• _Exercise objective_: Word-for-word transcription: reproduce all of the data, but not the pictures.

• _Data block_:
== Segment start ==
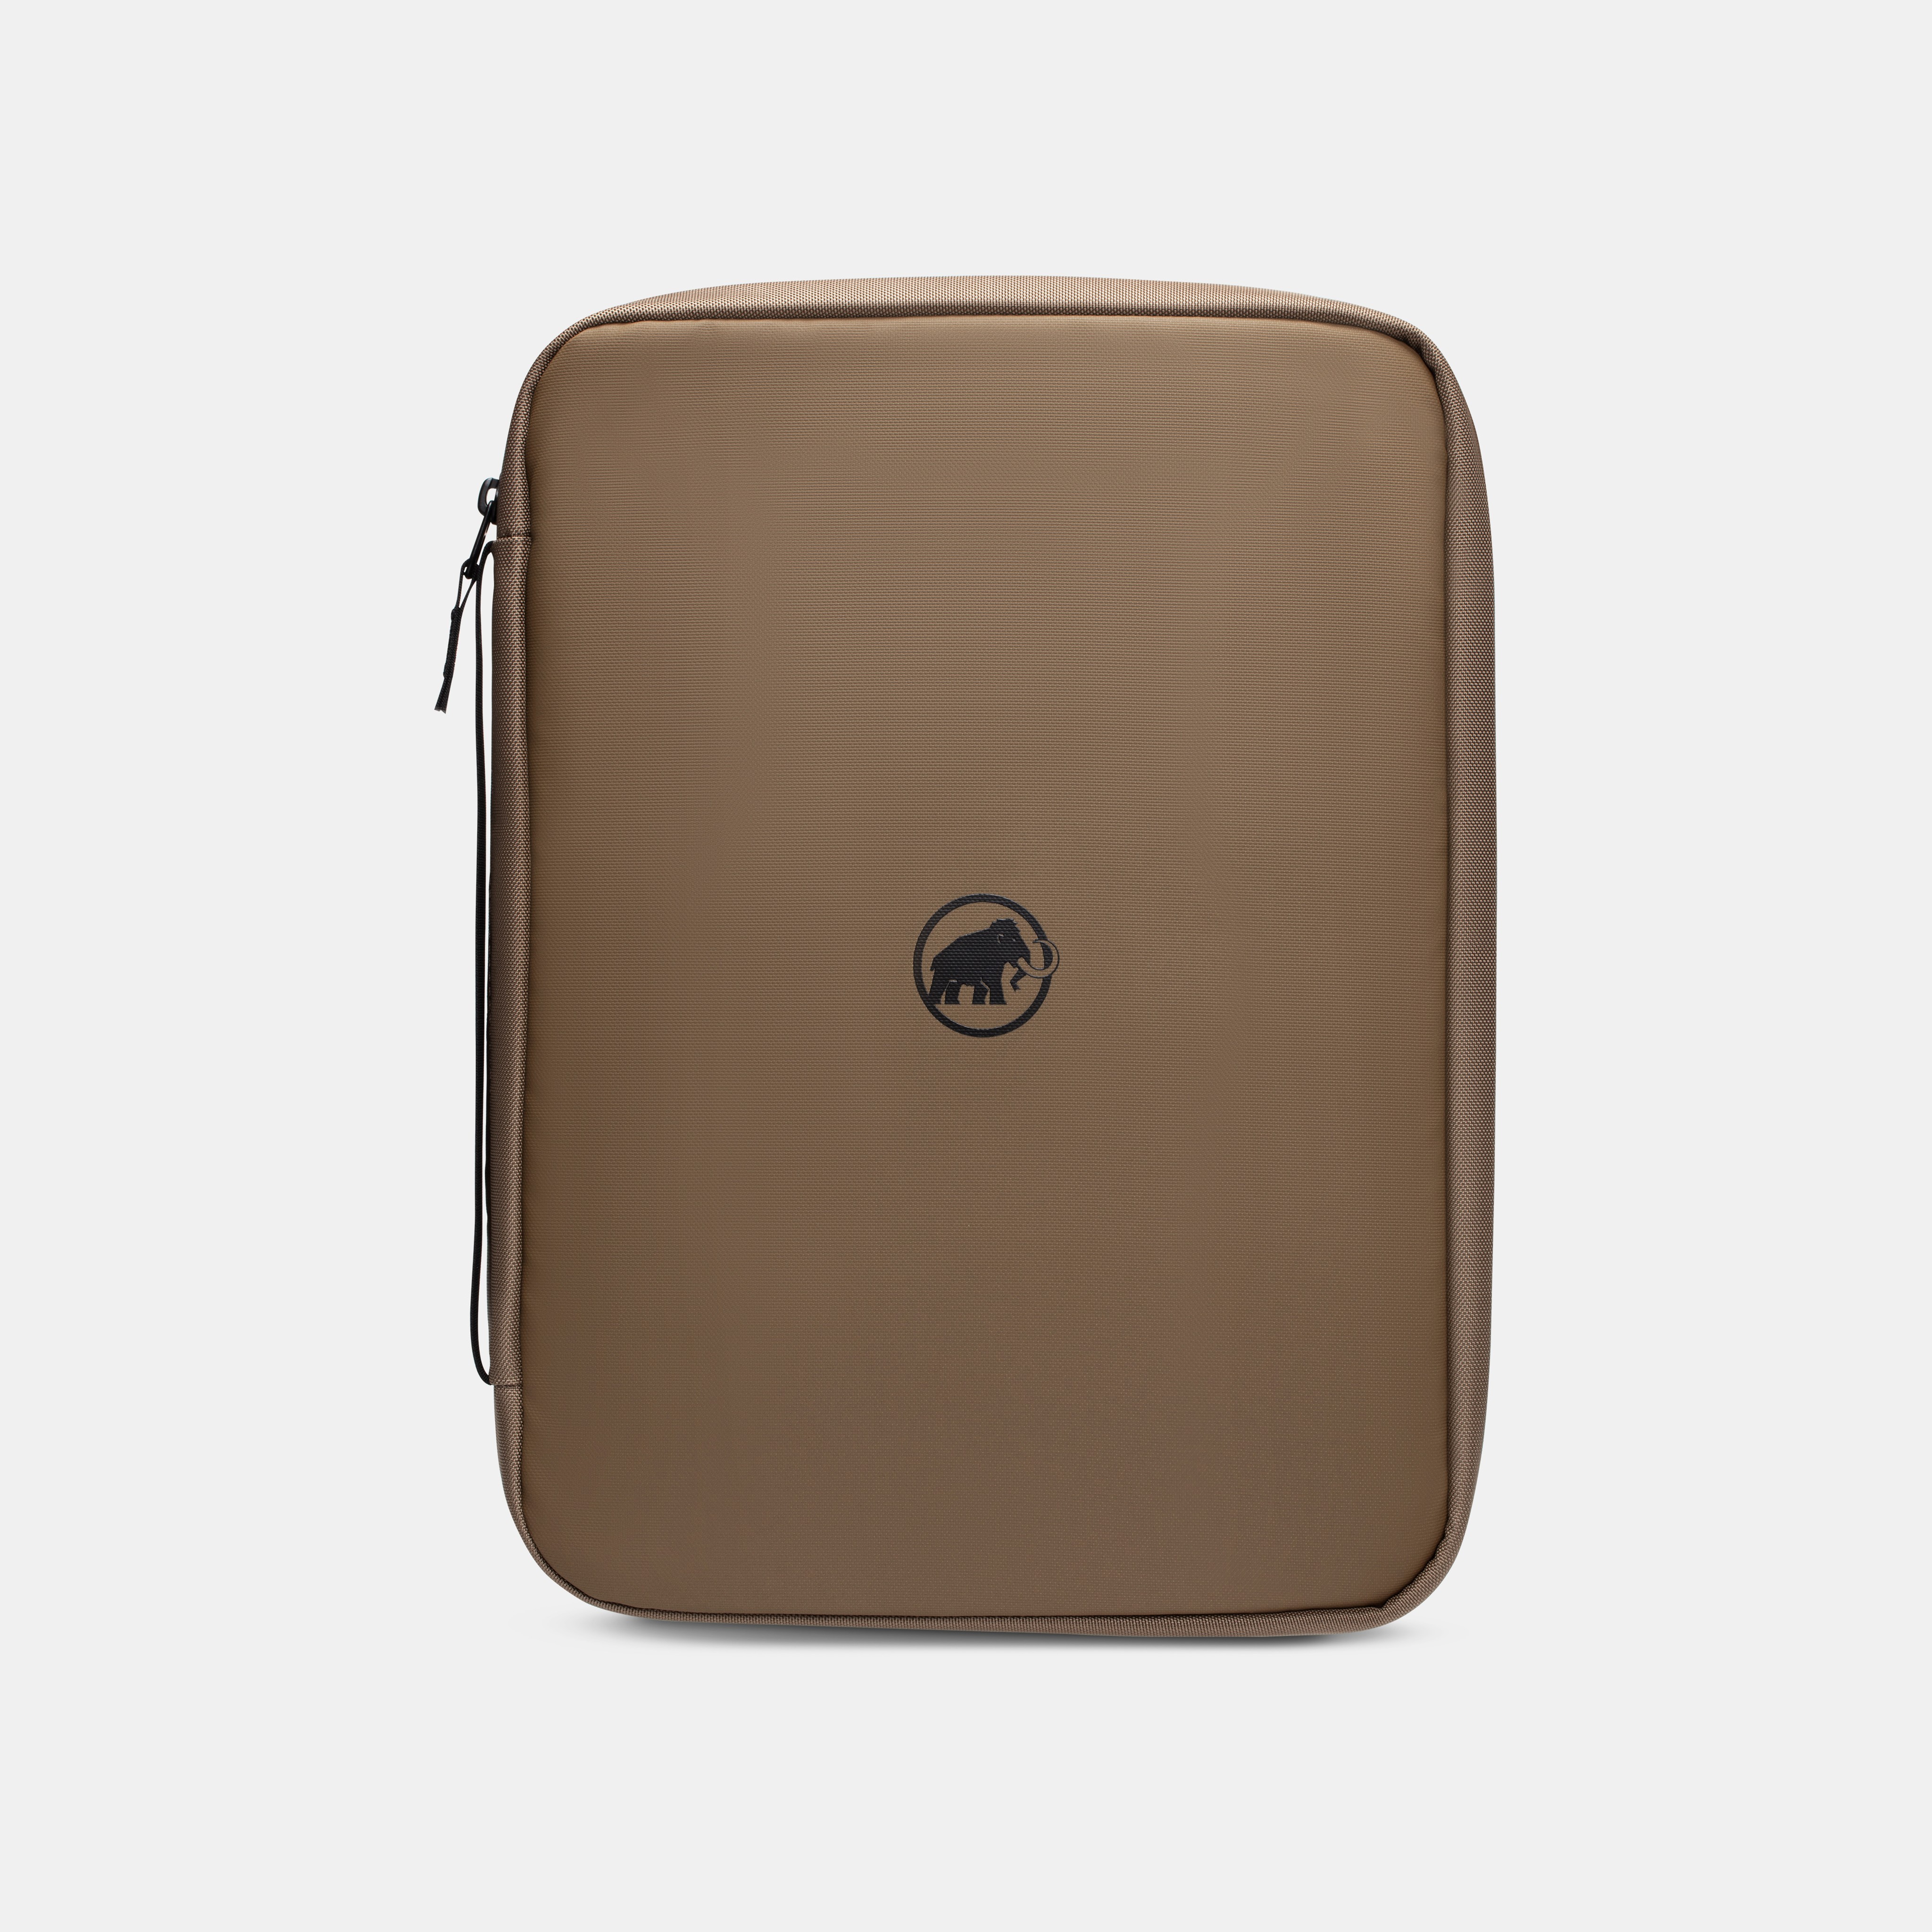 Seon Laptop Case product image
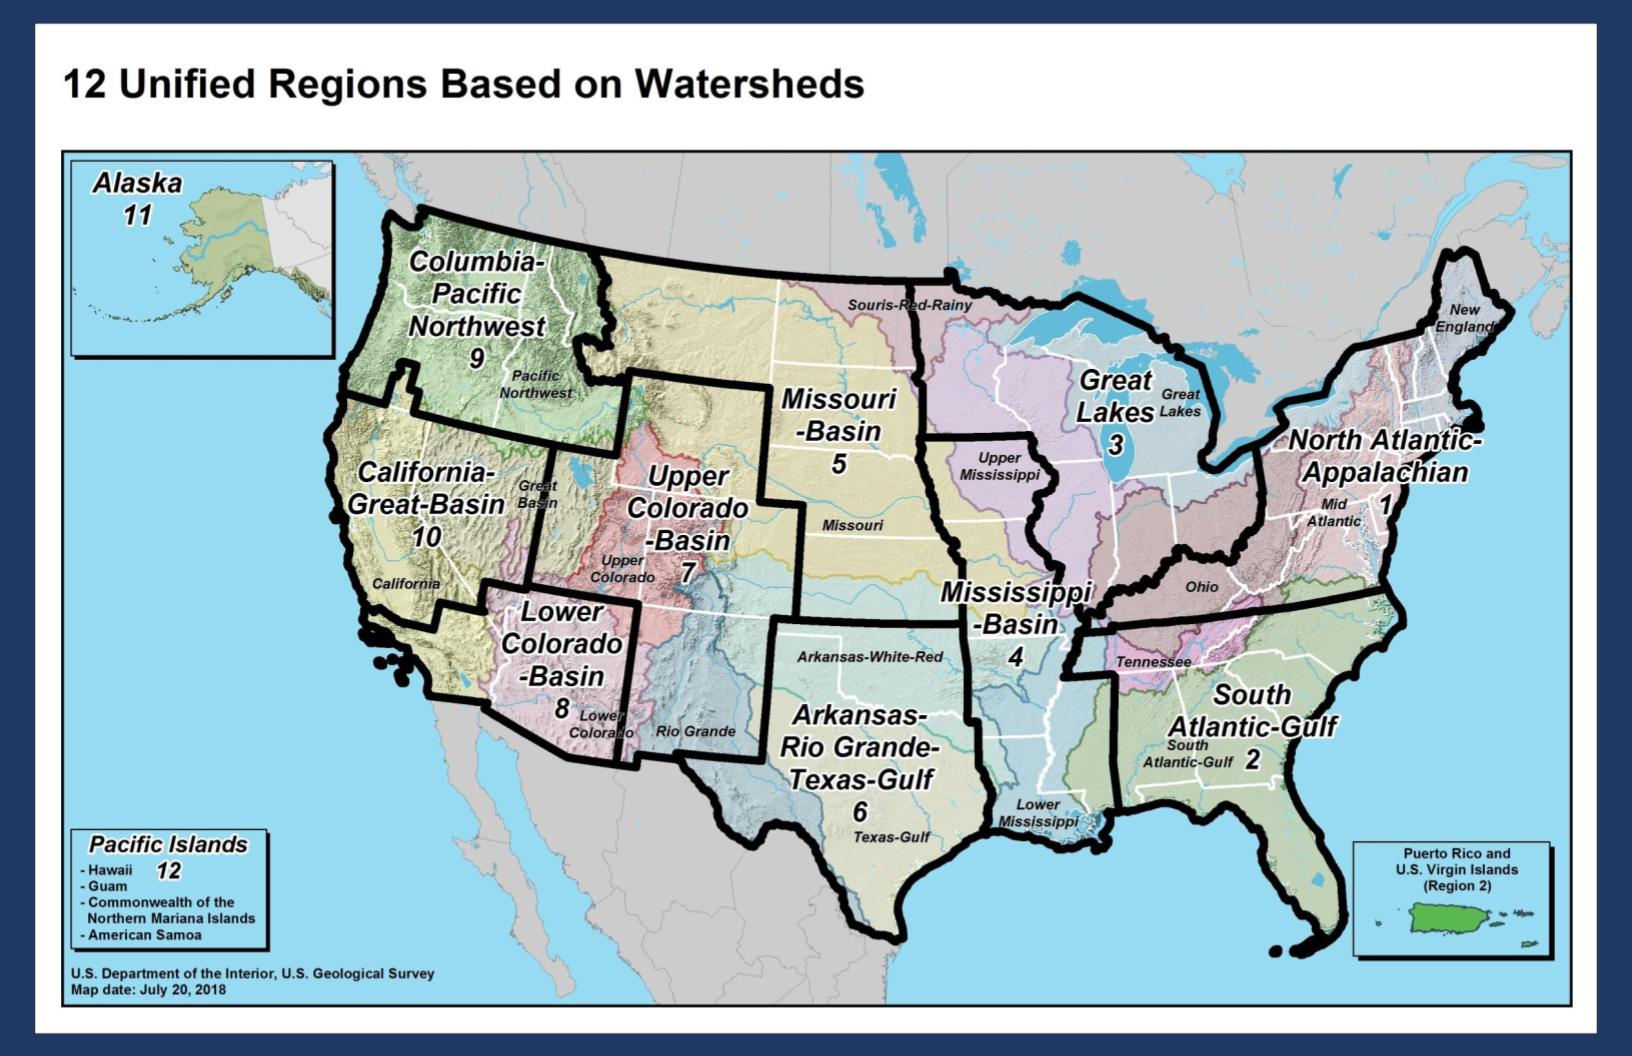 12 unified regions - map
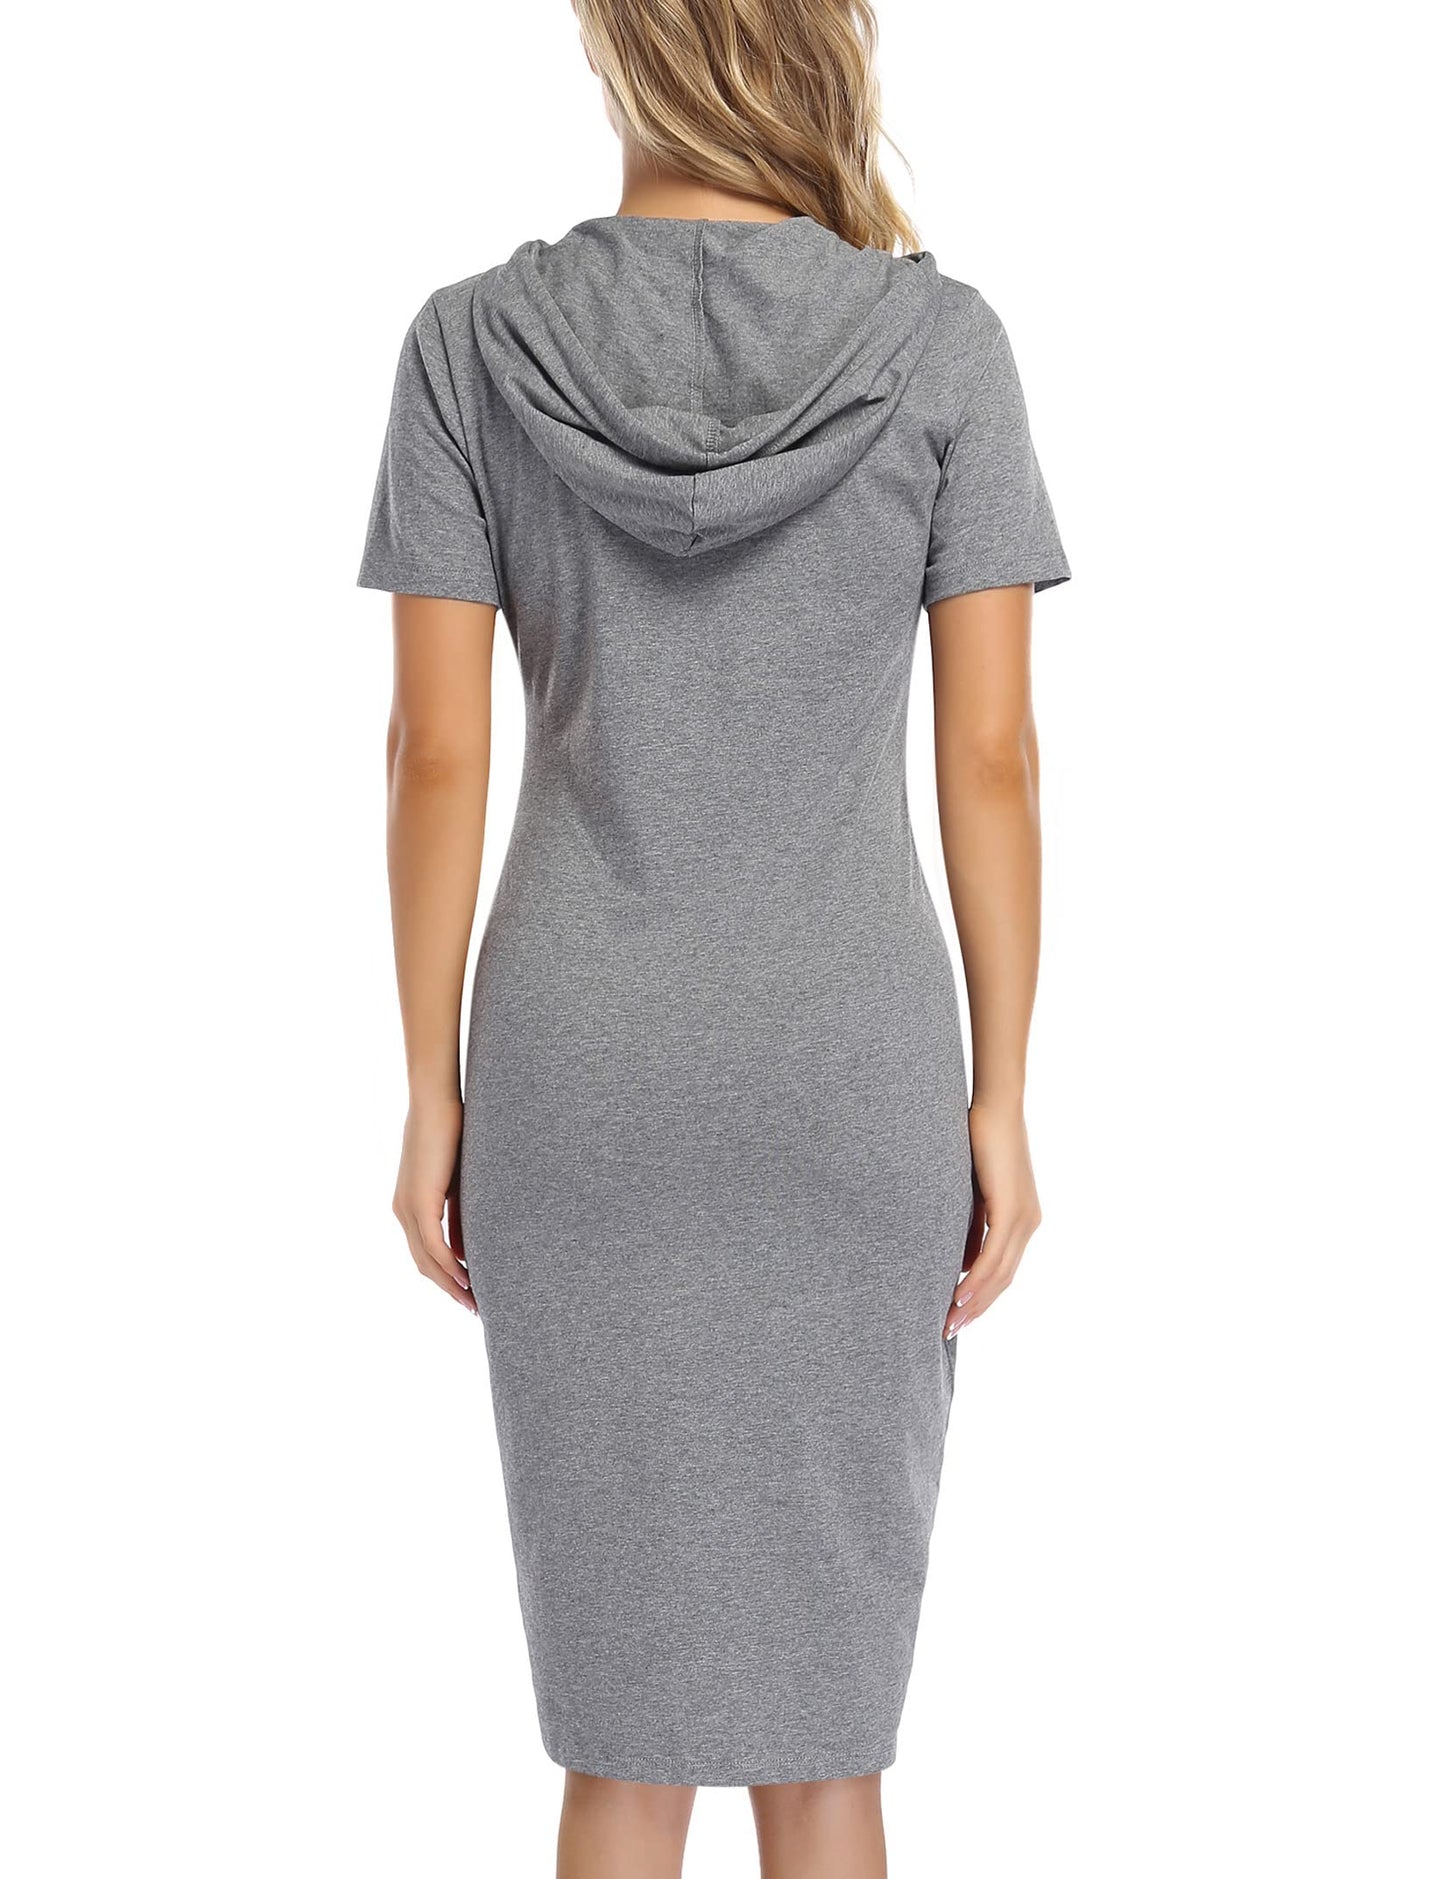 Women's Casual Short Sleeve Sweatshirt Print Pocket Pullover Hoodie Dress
== Segment end ==
• _Result for this exercise_:
 Seon Laptop Case product image
 12 unified regions - map
 Women's Casual Short Sleeve Sweatshirt Print Pocket Pullover Hoodie Dress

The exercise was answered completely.